Sunday, October 3, 2010

Bernstein's Hegelian Argument for Regulation Misses Mark

Setting aside the absurd framing of the TARP bailout scheme at the beginning of the article (i.e. either bailout or do nothing), there are interesting things to say about the Hegelian argument J.M. Bernstein examines in his recent NYTimes article for "The Stone".

But first, let me say why the framing of the issue at the beginning of the article misses the mark. It insinuates that we had only two choices: a) undertake some kind of bailout scheme or other, or b) do nothing and let the "market take care of itself". This is absurd: it rules out so many other things we might have done at the time, especially nationalization. Many commentators, not all of whom were on the Left, considered the possibility of nationalizing some of the banks. Even Bush was entertaining the idea. One of the most emailed NYTimes articles at the time was this. This isn't a far-Left idea, though I wish more of those were on the table. Paul Krugman's proposal was for short-term nationalization, which is a pretty standard procedure in Western Europe. The idea is simple: if the public is going to bailout a bank that has driven itself in the ground, the people who drove it into the ground should be shown the door and the company should be placed under public control (this includes the company's assets). And at some point the company may be re-soled to capitalists and the public coffers see a net gain as a result of this transaction. Yet in the US, our ruling class likes to pretend that we have the distinction of "maintaining private ownership" in cases like this, so such options weren't pursued.

So, setting aside the manifest stupidity of the "do nothing and let markets work their magic" option, there were plenty of non-bailout options on the table that are blotted out of the analysis in this article. Yet, despite all of the other options, Berstein's whole piece is about whether the bailout was good qua bailout (and I agree, that even qua bailout it was a fucking lemon).

This leads us into our first objection to the bit about Hegel. I like very much Bernstein's rather clear and succinct summary of some of Hegel's arguments in the Phenomenology. But his application of these ideas here seems imprecise.

Take Bernstein's own summation of one of Hegel's arguments, and you'll see what I mean:
What makes the propounding of virtue illusory — just so much rhetoric — is that there is no world, no interlocking set of practices into which its actions could fit and have traction: propounding peace and love without practical or institutional engagement is delusion, not virtue.

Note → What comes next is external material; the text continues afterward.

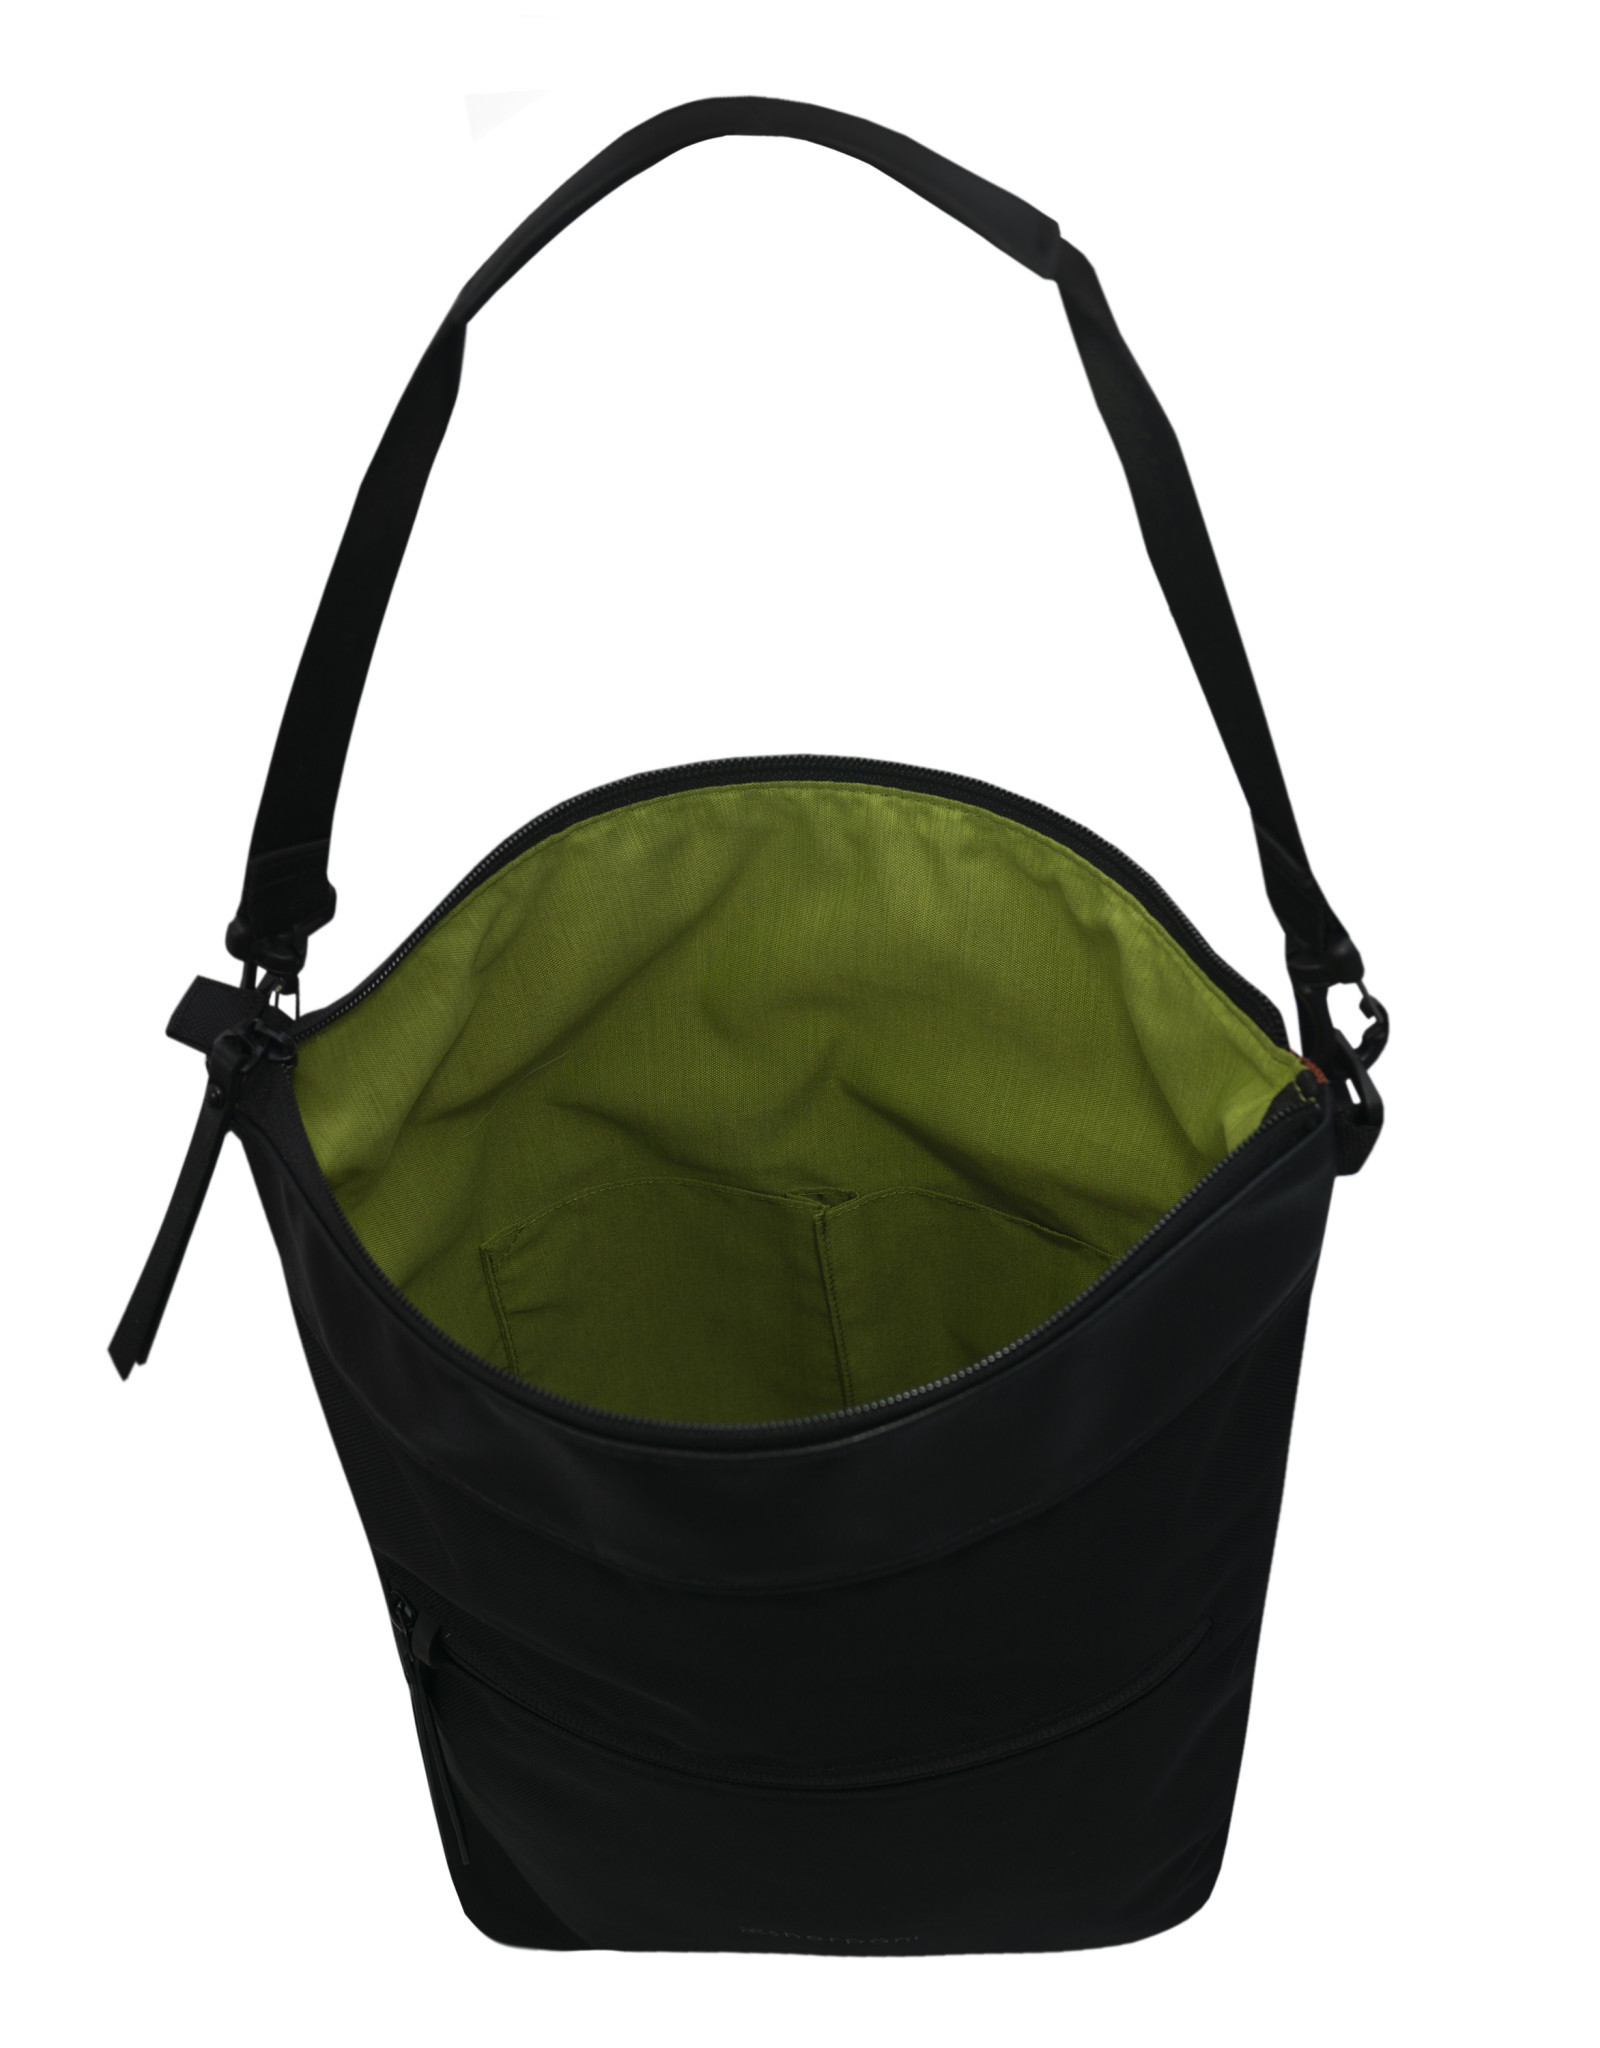 Sterling Vale Bag/Purse

Conversely, what makes self-interested individuality effective is not its self-interested motives, but that there is an elaborate system of practices that supports, empowers, and gives enduring significance to the banker’s actions. Actions only succeed as parts of practices that can reproduce themselves over time. To will an action is to will a practical world in which actions of that kind can be satisfied — no corresponding world, no satisfaction. Hence the banker must have a world-interest as the counterpart to his self-interest or his actions would become as illusory as those of the knight of virtue. What bankers do, Hegel is urging, is satisfy a function within a complex system that gives their actions functional significance.
I endorse most all of this. And I endorse the Hegelian claims about practices, the dialectical relationship between agency and institutional structure, the sense in which actions come to have meaning only in certain institutional contexts, etc. But here's the rub: it is not clear that upshot of Hegel's arguments is that we simply need more regulation.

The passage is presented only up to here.